Use the execute() method to lazily evaluate the query by returning a Result object:

>>> select('A').execute()
<Result object (evaltype=list) at 0x7fa32d16>

Eager vs Lazy Evaluation

When a query is eagerly evaluated, its elements are all loaded into memory at the same time. But when a query is lazily evaluated, its individual elements are computed one-at-a-time. See the Using Results tutorial for more information about eager and lazy evaluation.

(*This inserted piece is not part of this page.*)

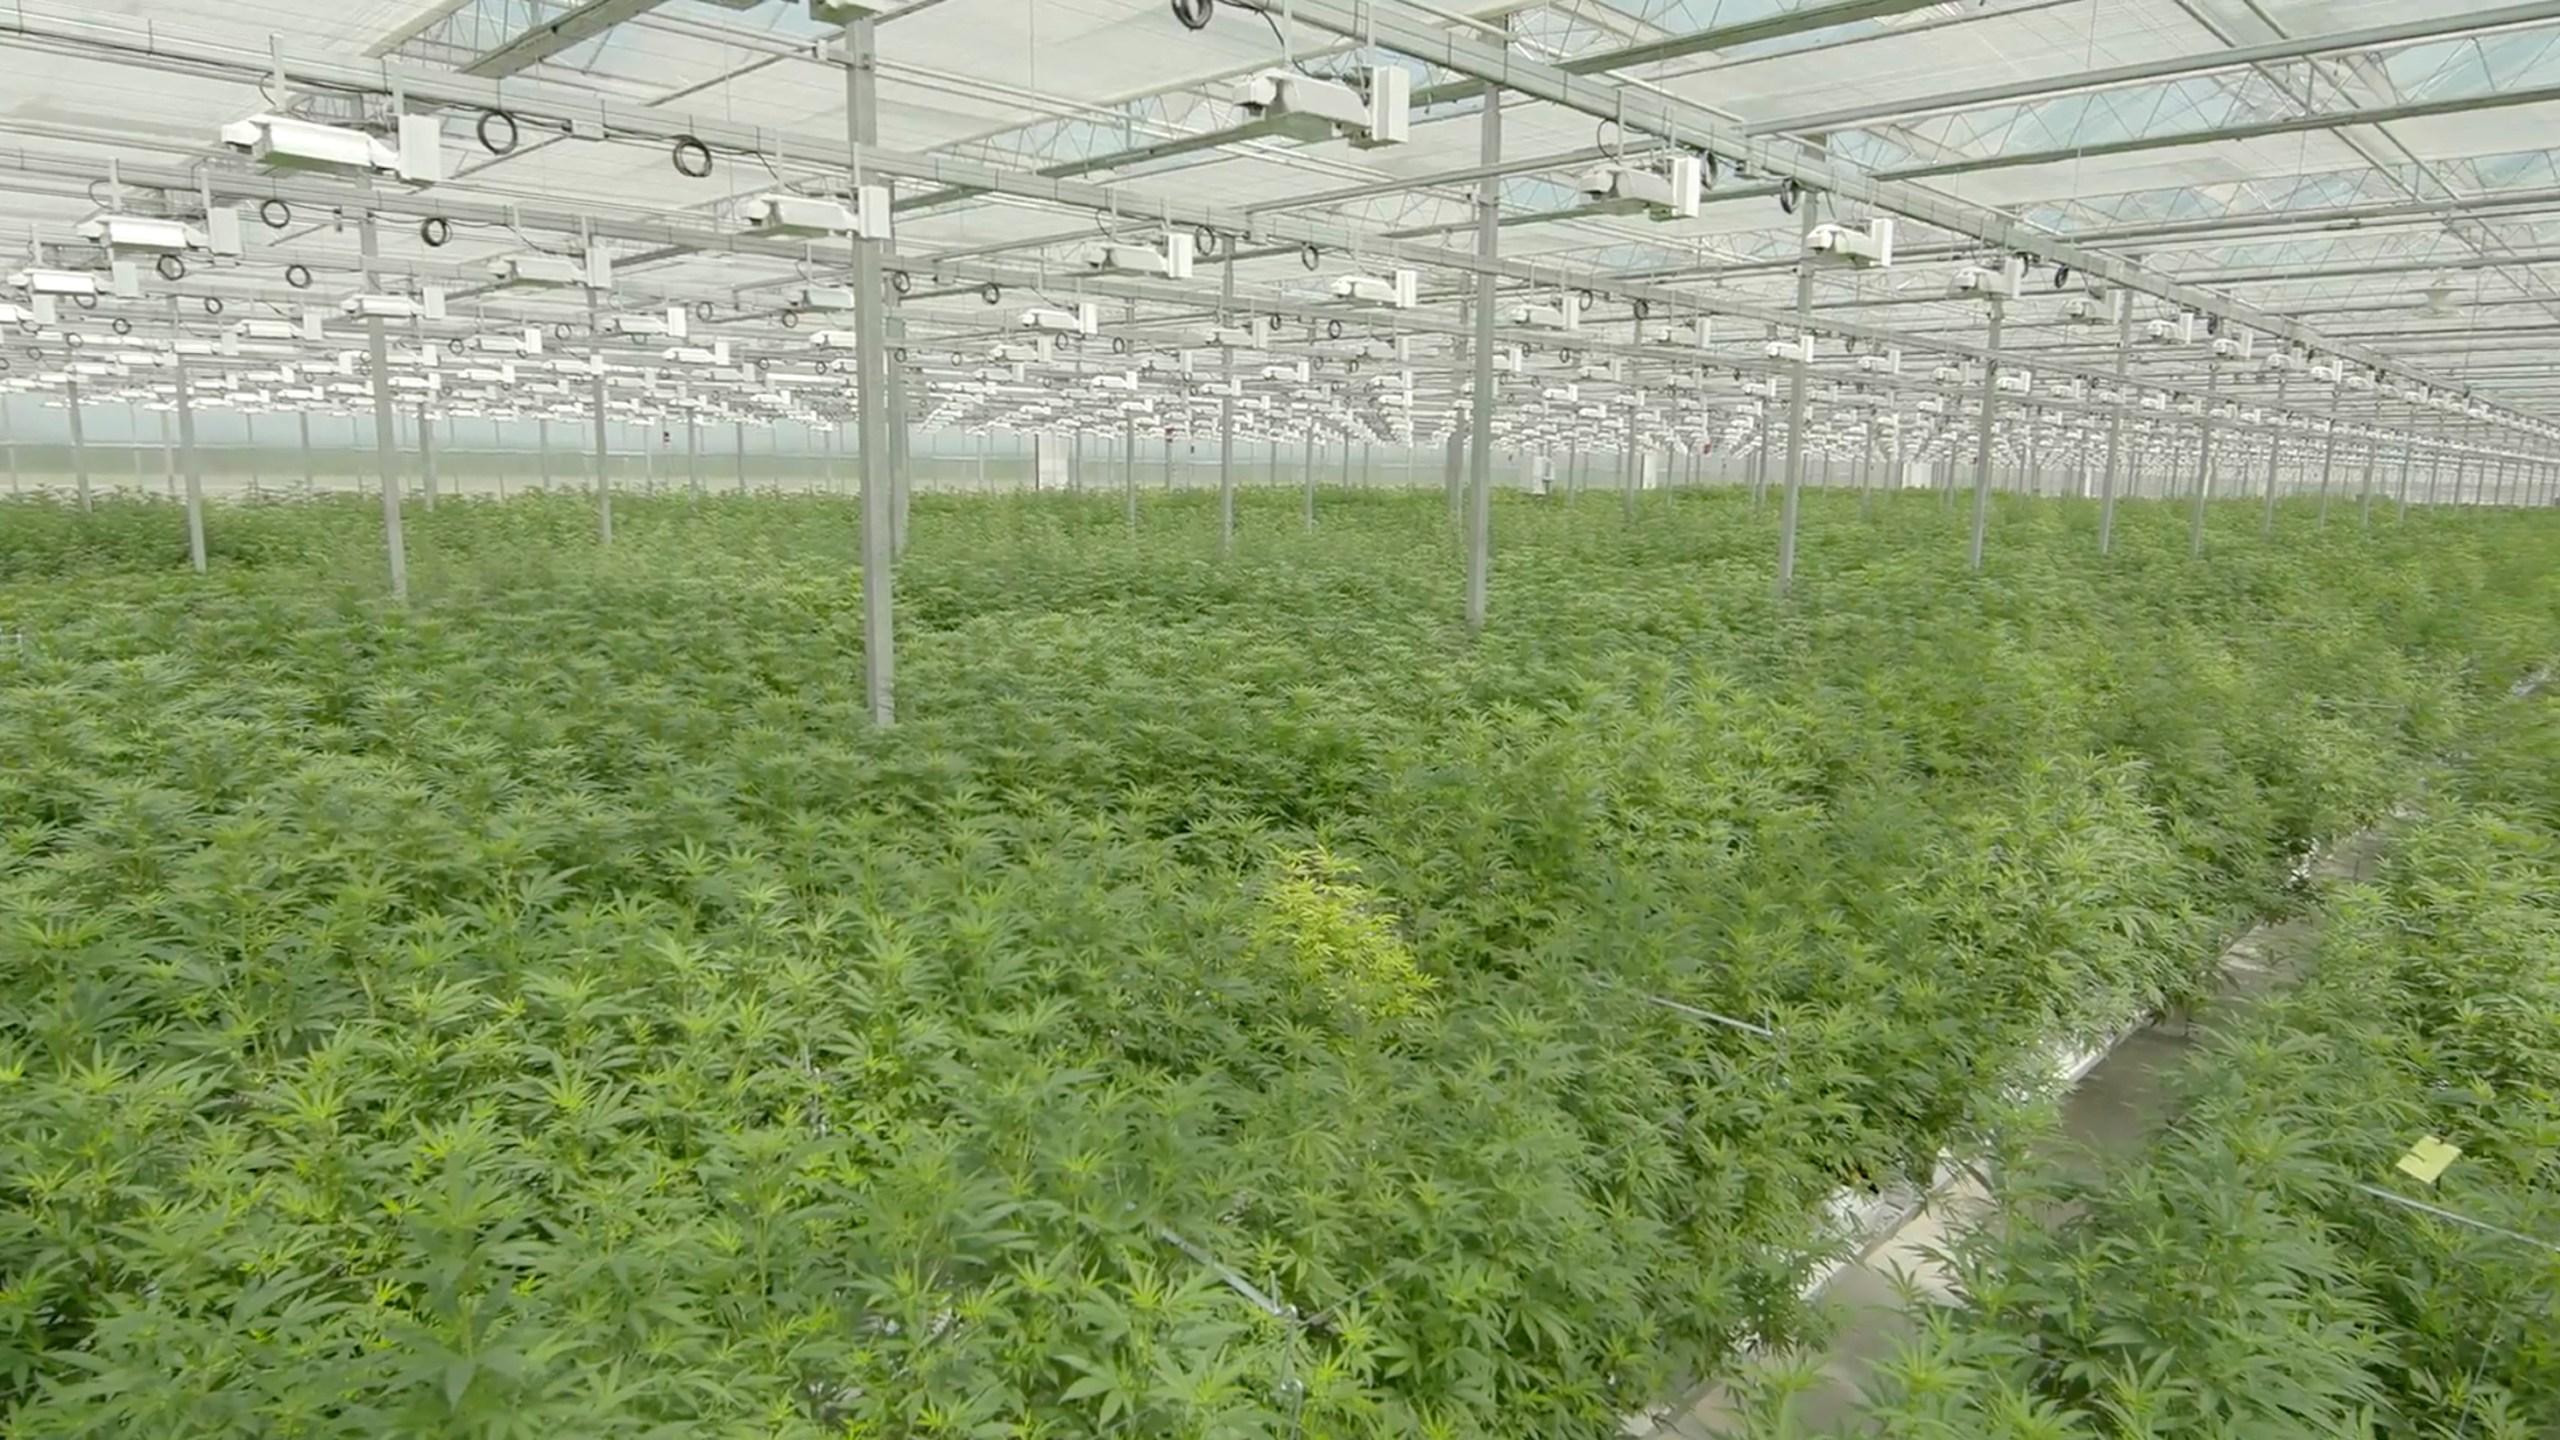 Marijuana_IPO_18086-159532.jpg49623937

Use the to_csv() method to save the query results into a CSV file:

>>> select('A').to_csv('myresults.csv')

Method Chaining

You can build increasingly complex queries by chaining methods together as needed:

>>> def not_z(value):
...     return value != 'z'
...
>>> def uppercase(value):
...     return str(value).upper()
...
>>> select('A').filter(not_z).map(uppercase).fetch()
['X', 'X', 'Y', 'Y']

In the example above, the filter(), map(), and fetch() methods are chained together to perform multiple operations within a single statement and then output the data.

Method Order

The order of most Query methods can be mixed and matched as needed. But the data output methods—like fetch(), execute(), and to_csv()—can only appear at the end of a chain, not in the middle of one.